• Some poor earnings reports are offsetting a mild drop in bond yields this morning.  So, the stock market might take a breather over the near-term.  That would not be the worst development in the world after the sharp rally we’ve seen over the past three weeks.
  • Nvidia (NVDA) has had a GREAT year this year.  However, it has actually been range-bound for many months.  It is now testing the top end of that range.  It reports earnings on Tuesday…and the last two reports have created vastly different reactions (despite the fact that they’ve both been fabulous reports).  How it reacts this time around is going to be very important for the stock…the tech sector…and likely, the broad stock market.


The stock market finished the day yesterday with mild gains, but all of the major averages closed well off their highs for the day.  This would be disappointing on most days, but given how much the market has rallied over the past three weeks…and how strongly it advanced on Tuesday…yesterday’s decline from the morning highs is something that should be thought of as normal and healthy.  We’d also note that the yield on 10yr note popped back above 4.5% yesterday, so that’s another reason why the lack of upside follow-through yesterday was not a surprise.

 Bond yields have declined slightly this morning, but the stock futures are still trading a bit lower after several earnings reports came in lower than expectations.  Last night, Cisco (CSCO) and Palo Alto Networks (PANW) reported lower-than-expected earnings/guidance…and this morning, WMT is trading 7% lower on their renewed comments about the weakness of the consumer (especially in late October).  Thus, the concern over earnings is somewhat offsetting the impact of lower bond yields.

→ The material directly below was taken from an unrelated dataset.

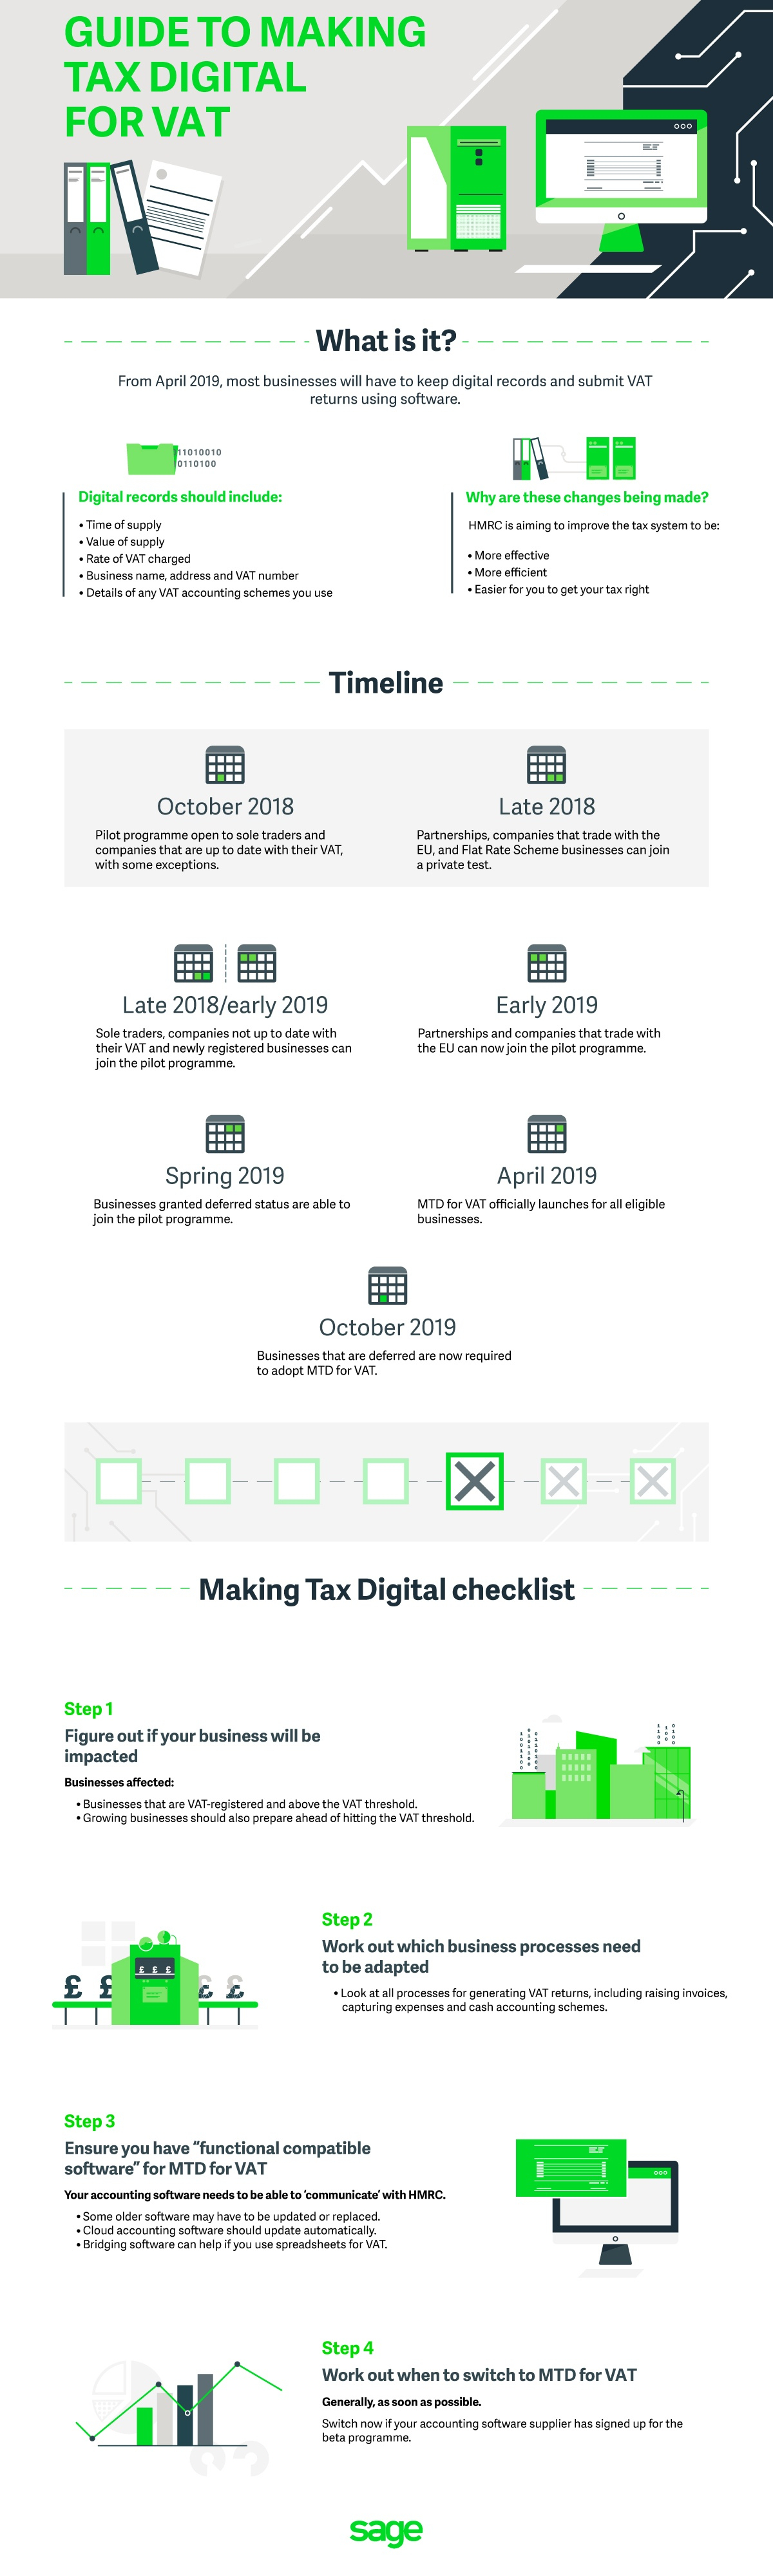 Partial Exemption Calculation Spreadsheet Throughout Making Tax Digital For Vat: What Do Hmrc's Updates Mean For You

 Of course, we could see a situation where concerns over the consumer and the economy will turn into one where lower bond yields will actually cause the stock market to decline, but that scenario still seems to exist somewhere in the future right now.  However, the fact that over the past 70 years…whenever a sharp/extended increase in bond yields has been followed by a significant decline in those yields, it has then been followed by a deep correction in the stock market…means that this scenario is not out of the question at some point in the future.  (In other words, if a sharp decline in yields signals a significant slowdown in the economy…or a recession…that kind of move in yields will suddenly become a bearish development.)

 The decline in the price of Nvidia (NVDA) yesterday caught some investors by surprise.  Don’t get us wrong, the drop was only 1.5%.  So, after a 23% jump off its late-October low, this decline was not something that raised any warning flags on the stock.  However, the fact that it rolled over from the $500 level…which was also its high from the summer…did make it an interesting development. 

 There is absolutely no question that NVDA has been an unbelievable stock this year.  It’s YTD rally of over 230% has been fabulous.  However, it is worth noting that the vast majority of that gain came by the middle of July.  Therefore, the stock has been stuck in the middle of a sideways range for several months now.  Thankfully, NVDA was able to bounce strongly off the bottom of that range three weeks ago.  Now, it is testing the top end of that range…and whether it can finally break above that range…or roll back over and fall back into the middle of it…will be very important for how the stock finishes the year (and very likely how the rest of the market behaves into year-end as well).

 With NVDA’s earnings report coming after the close on Tuesday, we should get our answer at some point soon.  There are plenty of reasons to think that NVDA will report another great quarter.  However, we have to remember that they have reported extraordinary earnings each of the last two quarters…but the reaction to each report was decidedly different.  When they reported in May, the stock jumped in a MAJOR way…and then kept on rising over the next two months.  However, when they reported in August, the stock rolled over (after an initial jump)…and declined almost 20% over the next two months.  Therefore, there is no guarantee that another good report will cause another extended rally…especially now that NVDA has become overbought after its recent big run.  

 Thankfully, we have a very distinct level to watch as the stock trades in the days following their earnings announcement.  If it can move above $500 in a meaningful way…and stay above it as we move past the Thanksgiving Holiday week…it’s going to be very bullish.  If, however, it rolls-over in any material way (even if that comes after another initial pop), it’s going to create some headwinds for NVDA…and likely the rest of the tech sector…in the month of December. 

 NVDA is a GREAT company with GREAT prospects.  It will almost certainly be trading at a much higher level 5 years from now compared to where it is today.  However, no stock moves in a straight line, so we’ll want to see how it trades during the week or so following its earnings report.  How it trades should have a big impact on the tech sector for the rest of the year…and very likely for the entire stock market as well.

 In other words, the action in the stock market over the past three weeks has been quite good.  It has been the kind that is usually followed by more upside movement.  However, we’ll still need to keep a close eye on bond yields…and the action in important stocks like NVDA…to decipher how the stock market will perform over the last 5-6 weeks of 2023.